Note that this is buggy.  The fifo is still opened O_RDONLY, so in
-current poll() returns 0, though it should probably return POLLERR
(see previous mail).  IIRC, this test for POLLOUT passes under Linux.
This verifies that Linux doesn't check the open mode for output.

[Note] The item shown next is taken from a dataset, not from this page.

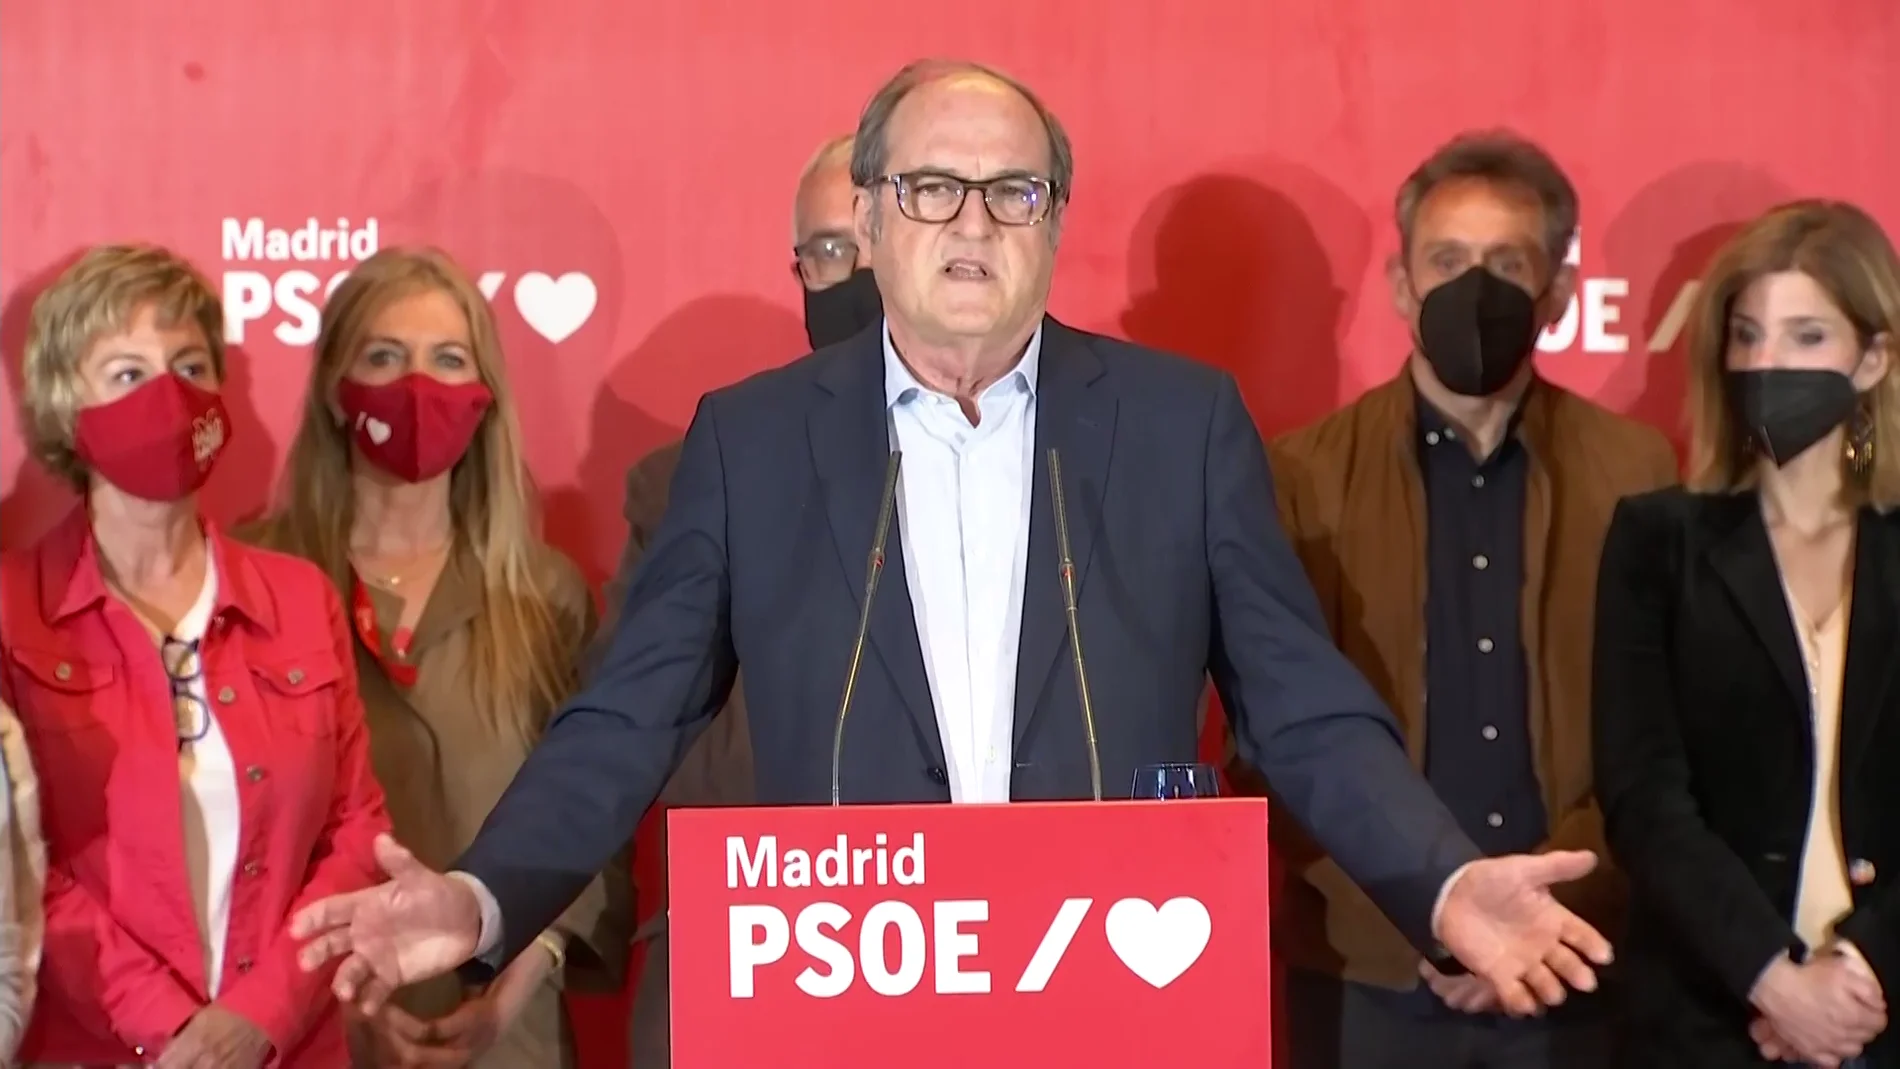 Ángel Gabilondo reconoce los malos datos en las elecciones de Madrid: "Los resultados no son buenos, no lo he logrado"

The tests could be expanded to check intentionally that silly
combinations of flags and open modes don't work.  Except for the
above, they apparently avoid the silly combinations, else the change
to check the open mode would have caused more failures.

% @@ -104,5 +116,5 @@
%  	if (poll(&pfd, 1, 0) < 0)
%  		err(1, "poll");
% -	report(num++, "1", 0, pfd.revents);
% +	report(num++, "1", POLLOUT, pfd.revents);
%  	kill(ppid, SIGUSR1);
% 
% @@ -112,10 +124,10 @@
%  	if (poll(&pfd, 1, 0) < 0)
%  		err(1, "poll");
% -	report(num++, "2", POLLIN, pfd.revents);
% +	report(num++, "2", POLLIN | POLLOUT, pfd.revents);
%  	if (read(fd, buf, sizeof buf) != 1)
%  		err(1, "read");
%  	if (poll(&pfd, 1, 0) < 0)
%  		err(1, "poll");
% -	report(num++, "2a", 0, pfd.revents);
% +	report(num++, "2a",  POLLOUT, pfd.revents);
%  	kill(ppid, SIGUSR1);
% 
% @@ -140,5 +152,5 @@
%  	if (poll(&pfd, 1, 0) < 0)
%  		err(1, "poll");
% -	report(num++, "4", 0, pfd.revents);
% +	report(num++, "4", POLLOUT, pfd.revents);
%  	kill(ppid, SIGUSR1);
% 
% @@ -148,5 +160,5 @@
%  	if (poll(&pfd, 1, 0) < 0)
%  		err(1, "poll");
% -	report(num++, "5", POLLIN, pfd.revents);
% +	report(num++, "5", POLLIN | POLLOUT, pfd.revents);
%  	kill(ppid, SIGUSR1);
% 
% @@ -193,7 +205,16 @@
%  		report(num++, "6d", POLLHUP, pfd.revents);
%  	}
% -	close(fd);
%  	kill(ppid, SIGUSR1);
% 
% +	if (filetype != FT_FIFO)
% +		close (fd);
% +	else {
% +		usleep(1);
% +		while (state != 7)
% +			;
% +		close(fd);
% +		kill(ppid, SIGUSR1);
% +	}
% +
%  	exit(0);
%  }
% @@ -202,4 +223,6 @@
%  parent(int fd)
%  {
% +	struct pollfd pfd;
% +
%  	usleep(1);
%  	while (state != 1)
% @@ -210,4 +233,10 @@
%  			err(1, "open for write");
%  	}
% +	pfd.fd = fd;
% +	pfd.events = POLLIN | POLLOUT;
% +
% +	if (poll(&pfd, 1, 0) < 0)
% +		err(1, "poll");
% +	report(-1, "1p", POLLOUT, pfd.revents);
%  	kill(cpid, SIGUSR1);
% 
% @@ -253,4 +282,19 @@
%  	while (state != 7)
%  		;
% +	fd = open(FIFONAME, O_WRONLY | O_NONBLOCK);
% +	if (fd < 0)
% +		err(1, "open for write");
% +	pfd.fd = fd;
% +	if (poll(&pfd, 1, 0) < 0)
% +		err(1, "poll");
% +	report(-1, "7", POLLOUT, pfd.revents);
% +	kill(cpid, SIGUSR1);
% +
% +	usleep(1);
% +	while (state != 8)
% +		;
% +	if (poll(&pfd, 1, 0) < 0)
% +		err(1, "poll");
% +	report(-1, "8", POLLHUP, pfd.revents);
%  }
%

Bruce